* _Instructions to follow_:
Reproduce the listing that follows word for word, without its pictures.
═══ Data block ═══
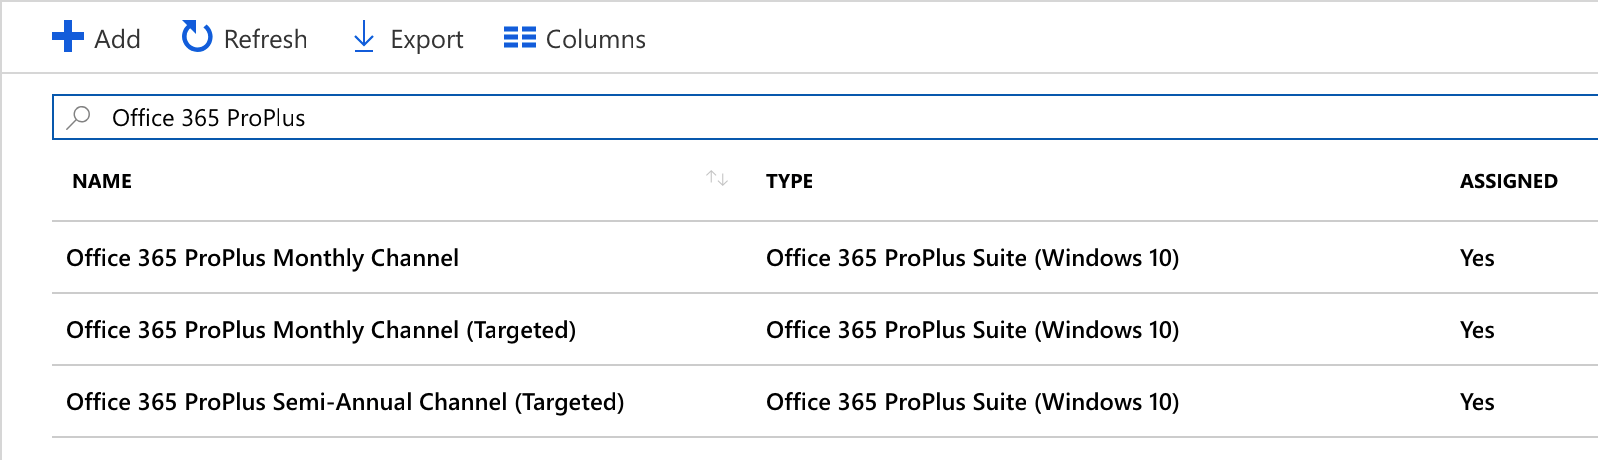 Office 365 ProPlus apps in Intune to manage update channels
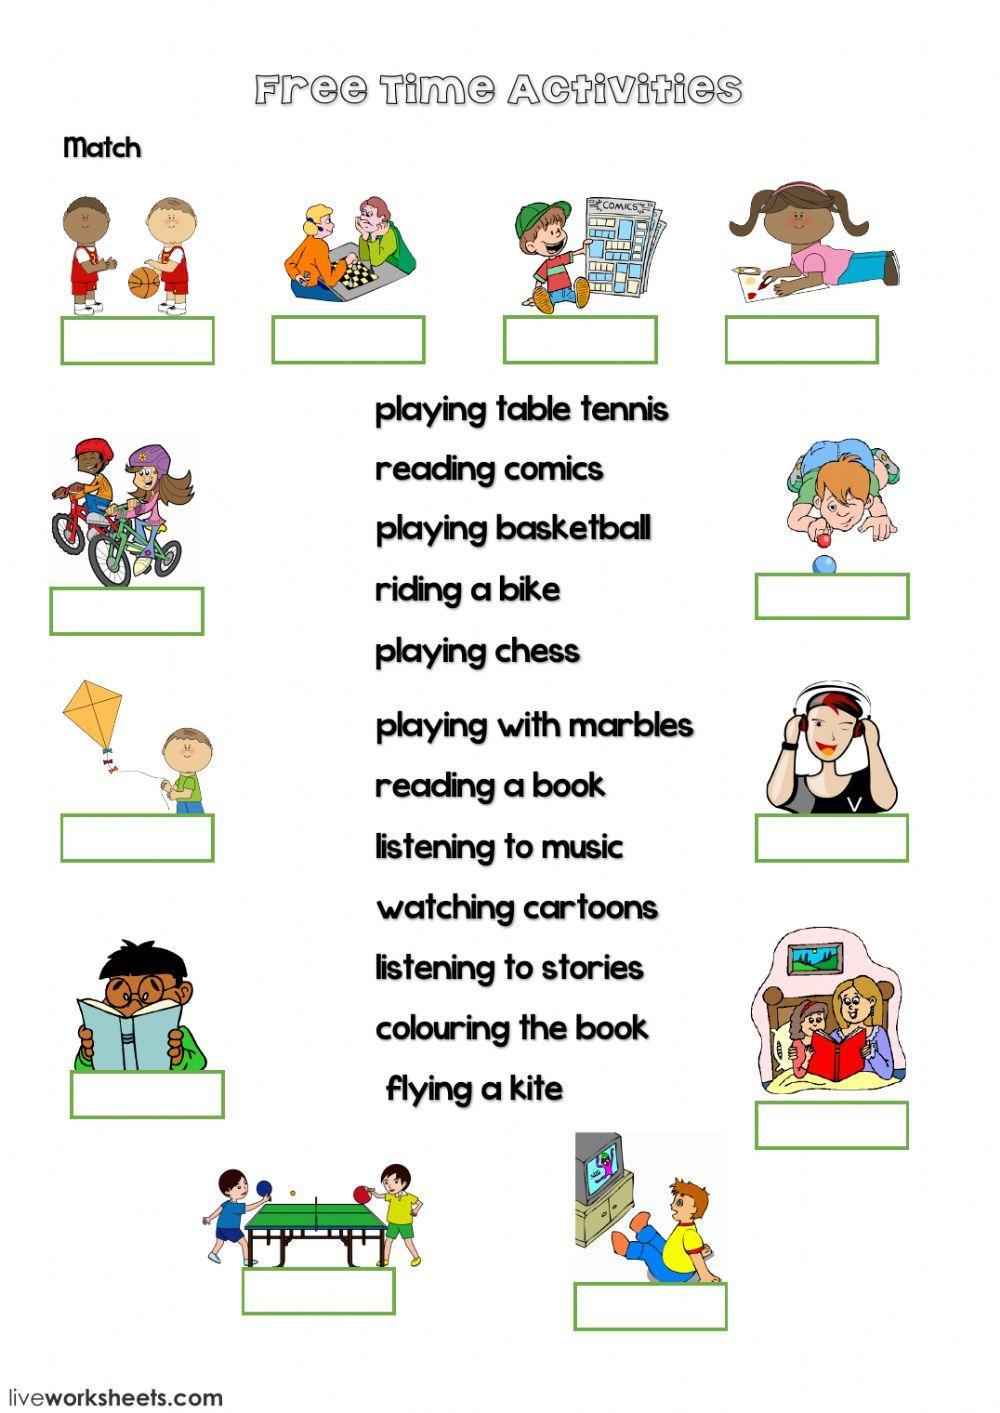 Free Time Activities (with video) worksheet
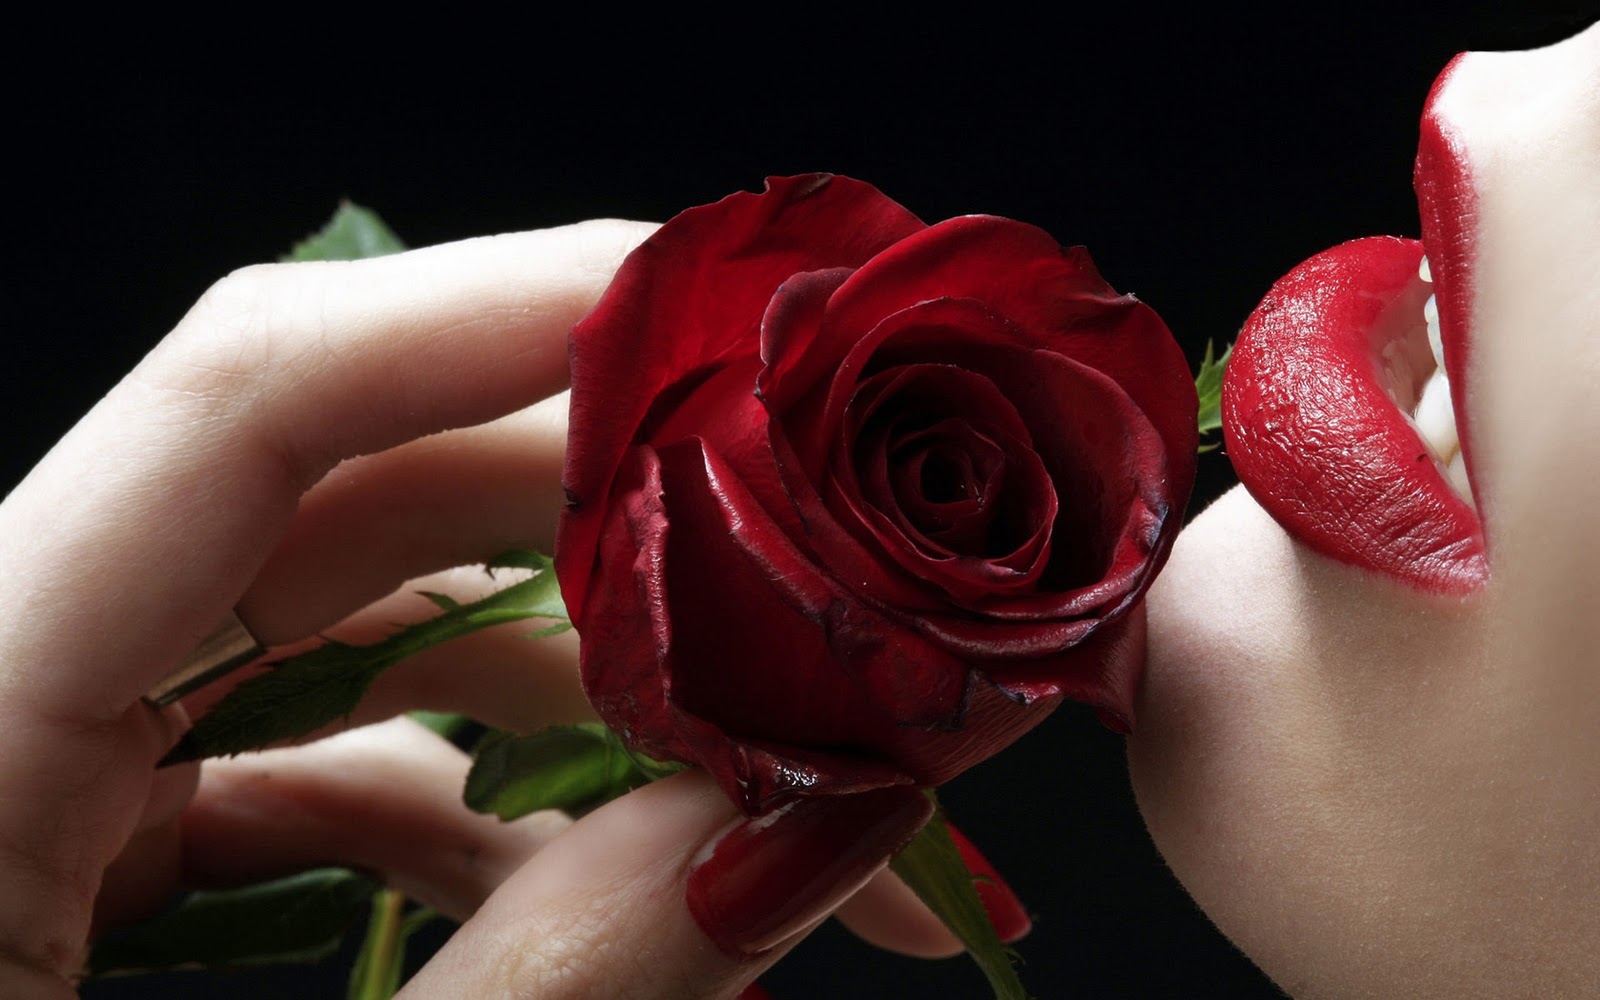 Red rose larest hd kissing photo download Daily pics update HD
═══
* _Answer to this task_:
 Office 365 ProPlus apps in Intune to manage update channels
 Free Time Activities (with video) worksheet
 Red rose larest hd kissing photo download Daily pics update HD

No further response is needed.